[gutvol-p] Re: Gutenberg Catalogue RDF

26 May 2010

      William Waites wrote:
...
Hi all,
I'm working on a project, http://bibliographica.org/ which involves
annotating and enriching information about authors and works. We
need some seed data! I would very much like to use the gutenberg
catalogue for this and it seems like I have three options:
* generate RDF out of the marc dump (lossy, messy)
  * use the catalog.rdf.bz2 (old rdf layout)
  * use the individual RDF e.g. http://www.gutenberg.org/ebooks/12345.rdf
     (means crawling the site).
I'd really rather not crawl the site (and suspect you'd rather I not as
well) but I would like to use the RDF generated for individual works
(well, manifestations, but I digress).
Any chance of producing a dump like catalog.rdf.bz2 but with the
updated schema?
catalog.rdf.bz2 gets updated every night.

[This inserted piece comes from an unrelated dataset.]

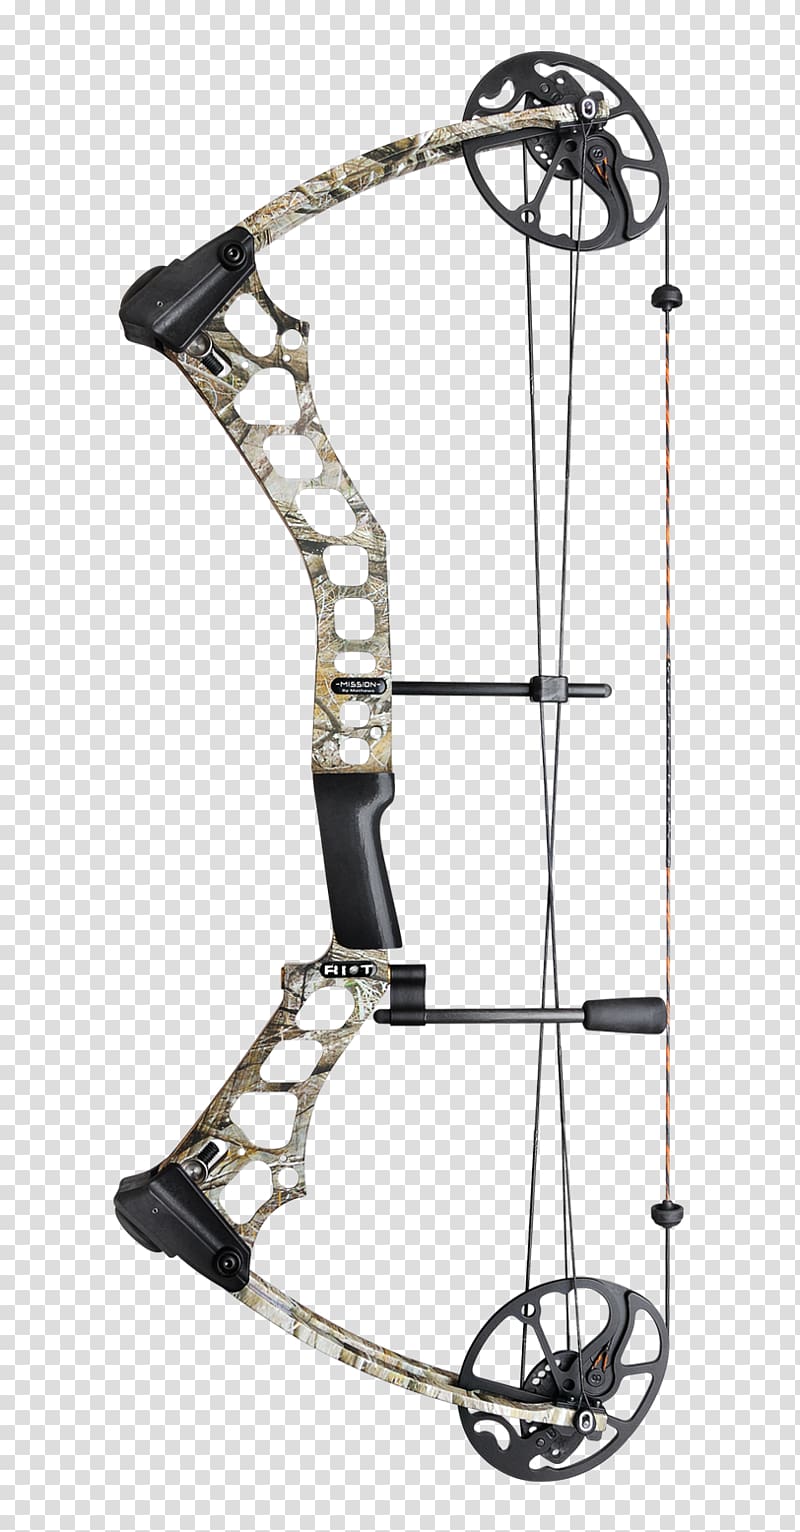 Compound Bows Bow and arrow Archery Bowhunting, archery transparent background PNG clipart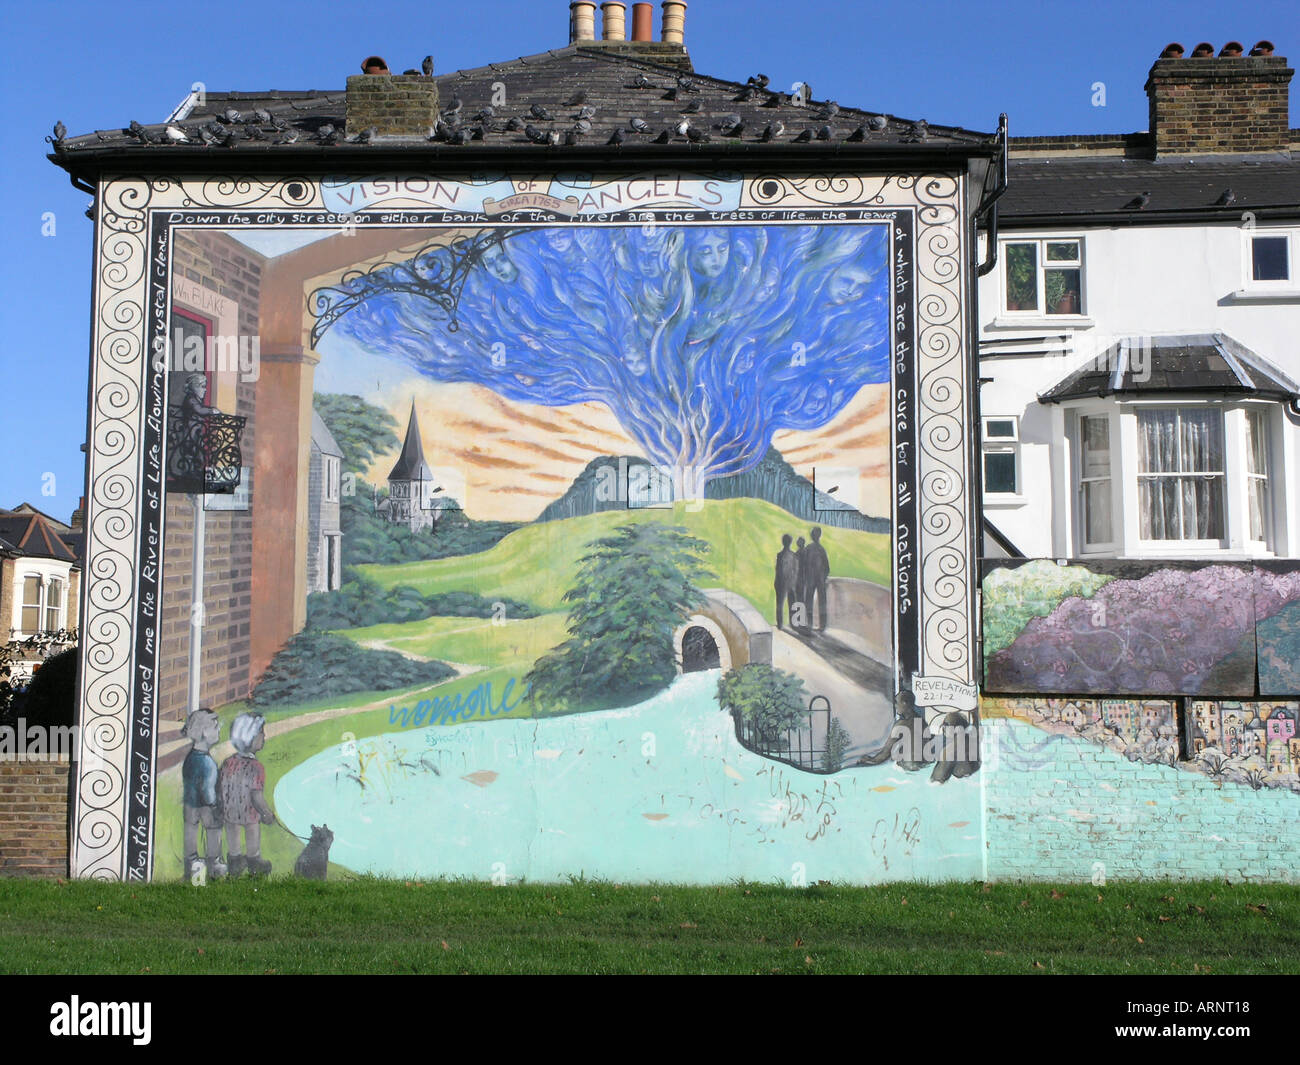 Mural commemorating William Blake who saw a vision of angels in a tree on Peckham Rye. Adys Road, Peckham, London UK Stock Photo

The individual rdf files don't get updated after first creation. That's 
something we will do eventually but need to figure out an efficient way.

Peacing the individual files together is not as easy as it seems because 
  we have to remove redundant information. We'll have to copy the entire 
database into a triple store and serialize it out again. Not likely to 
happen soon.

-- 
Marcello Perathoner
webmaster@gutenberg.org